The Fay Sisters’ After Church Sunday Cheese Bread


2 slices whole wheat bread

Kraft Parmesan Cheese (any good parmesan will work but for nostalgia sake, I always use the good ol’ Kraft from the big green container)


Garlic Powder


Generously spread butter on one side of the bread.  Sprinkle a healthy layer of parmesan cheese and spread it out evenly with a knife.  Sprinkle a light dash of garlic powder over the cheese.  Broil for a few minutes, until cheese is bubbling and starting to crust up and get brown. Enjoy dunked in the soup or on its own.

Tomato Art

Vintage Tomatoes

Romanesco and Radish and Parsnips – oh my!

So I am not quite used to this blogging thing yet.  I get so busy and have lots of blog ideas but just can’t seem to find the time to write them up and post.  Especially with the holidays upon us and preparing to go to London for two weeks as well as shopping for my husband’s entire family!  Clive has many skills but a good “gifter” he is not.

Fortunately, one of his skills is gardening as you have all seen by my previous posts on the amazing tomatoes, cucumbers, zucchinis, yellow squash, eggplant, arugula and corn he grew this summer.  Well he has now planted our fall crop.  A couple months ago actually, see I told you I was a bad blogger.

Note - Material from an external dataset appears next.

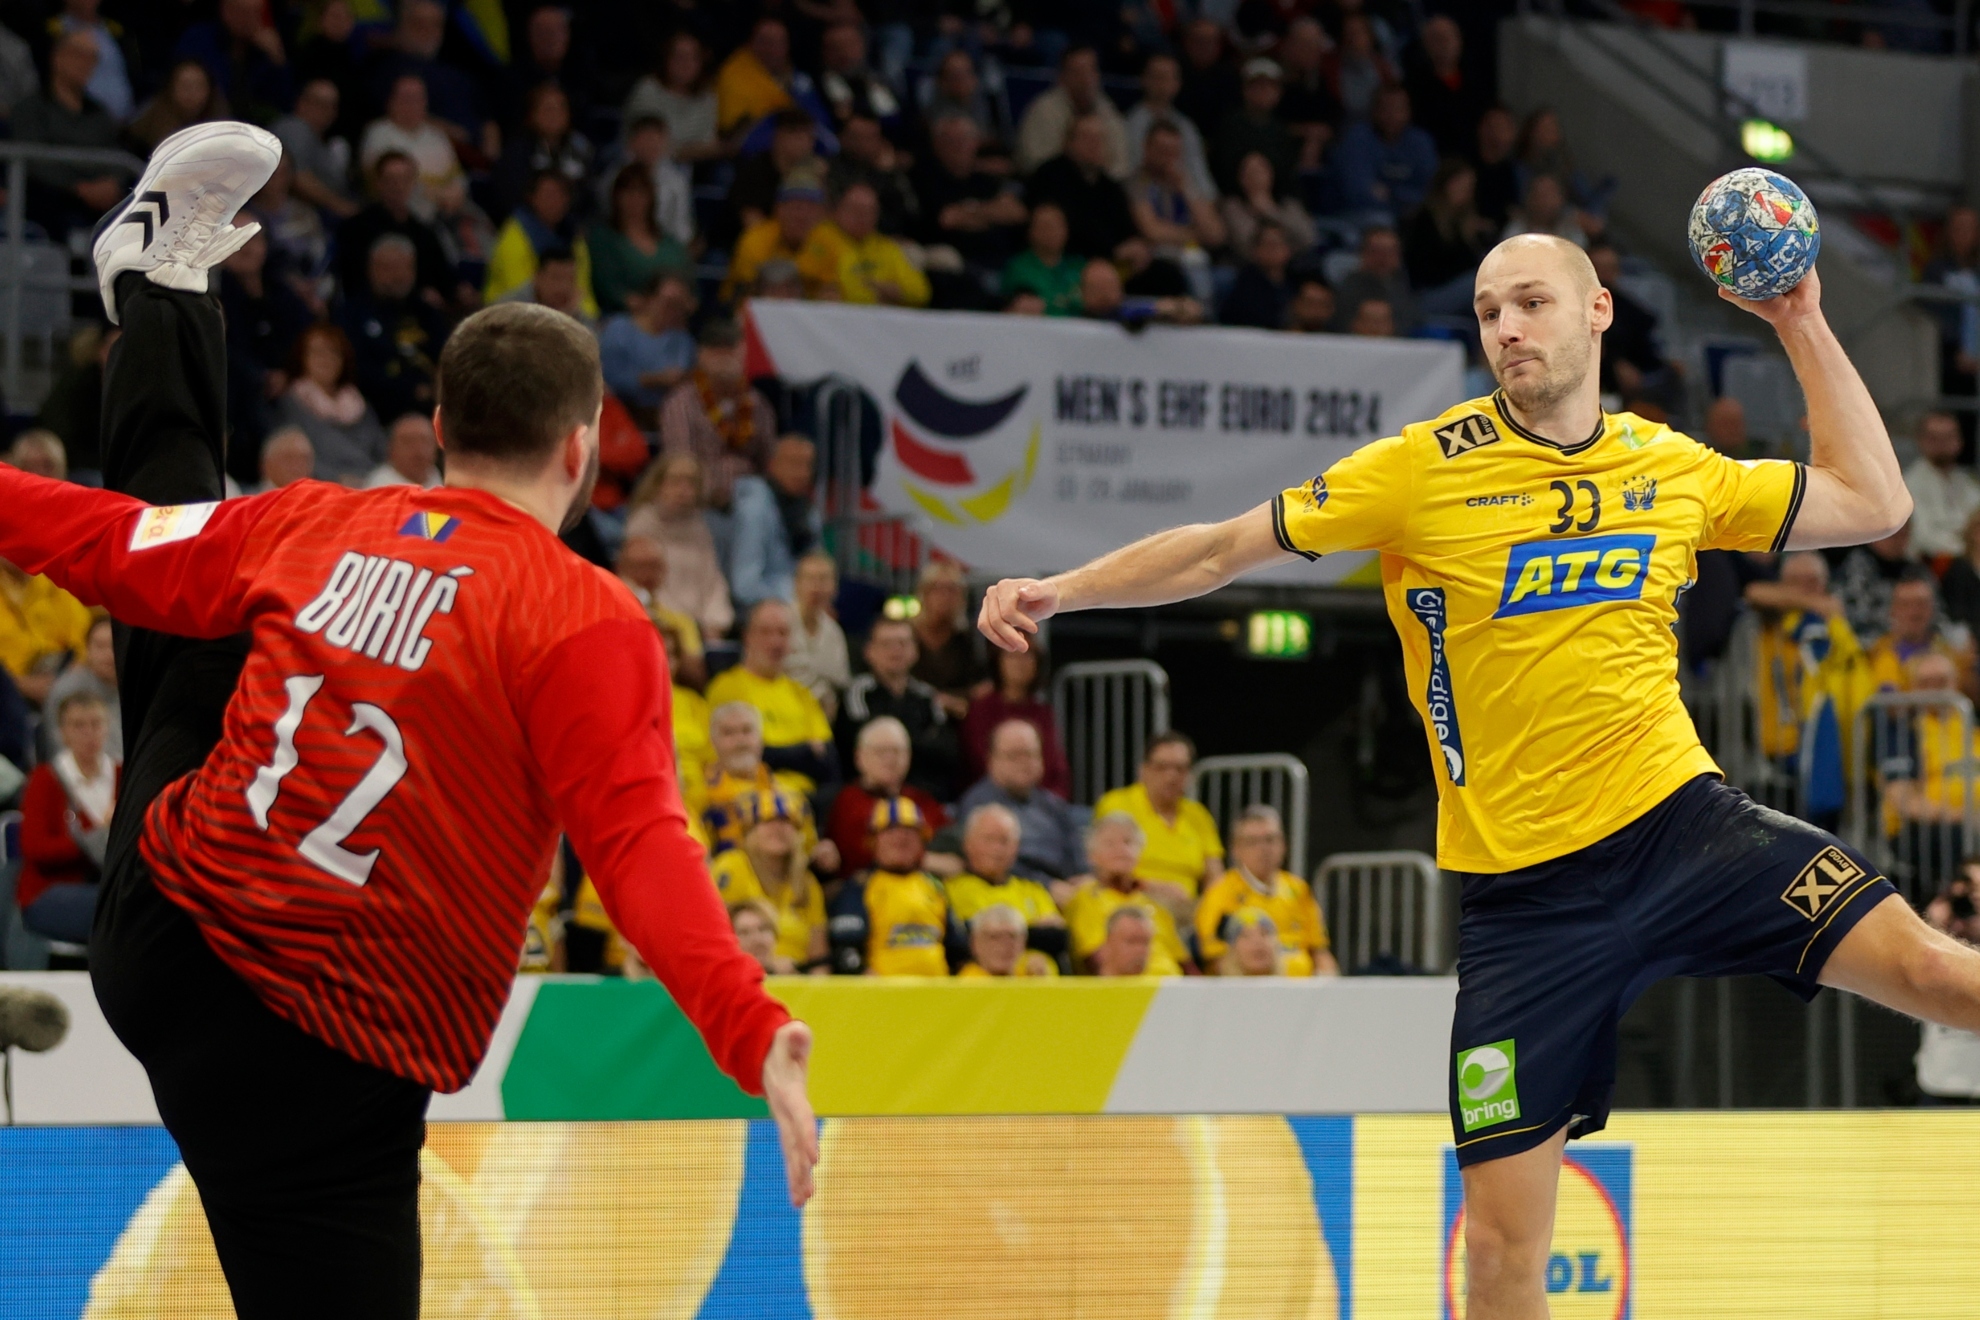 El lateral sueco Lukas Sandell lanza ante el meta bosnio Buric /

Ollie helping daddy fix the drip system

Ollie helping daddy fix the drip system

 But regardless, I am very excited about all of our new veggies.  I found a company online to buy organic heirloom seeds, and we “borrowed” a few packs from Kim, who had tons of seeds from her wedding shower which had a garden theme.

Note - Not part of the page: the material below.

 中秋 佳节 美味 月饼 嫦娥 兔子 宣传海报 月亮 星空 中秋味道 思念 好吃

We also decided to try planting garlic, which is interesting since the garlic bulb to plant looks exactly like the garlic that you would eat.  Except the colors were exceptional, they are like little works of art.



It only took a week for the first little sprouts to grow.


Now two months on, Clive has already pulled several radishes from our garden and they are delicious, crisp and spicy like a radish should be.


I think our winter/spring crop will be bountiful.  Uh oh, does anyone have any good recipes for broccoli, cauliflower, romanesco, parsnips, carrots, beets, radishes, spring onions, sweet onions, kale, garlic and pickling cucumbers?  Because if it is anything like our summer crop, we’re in for it.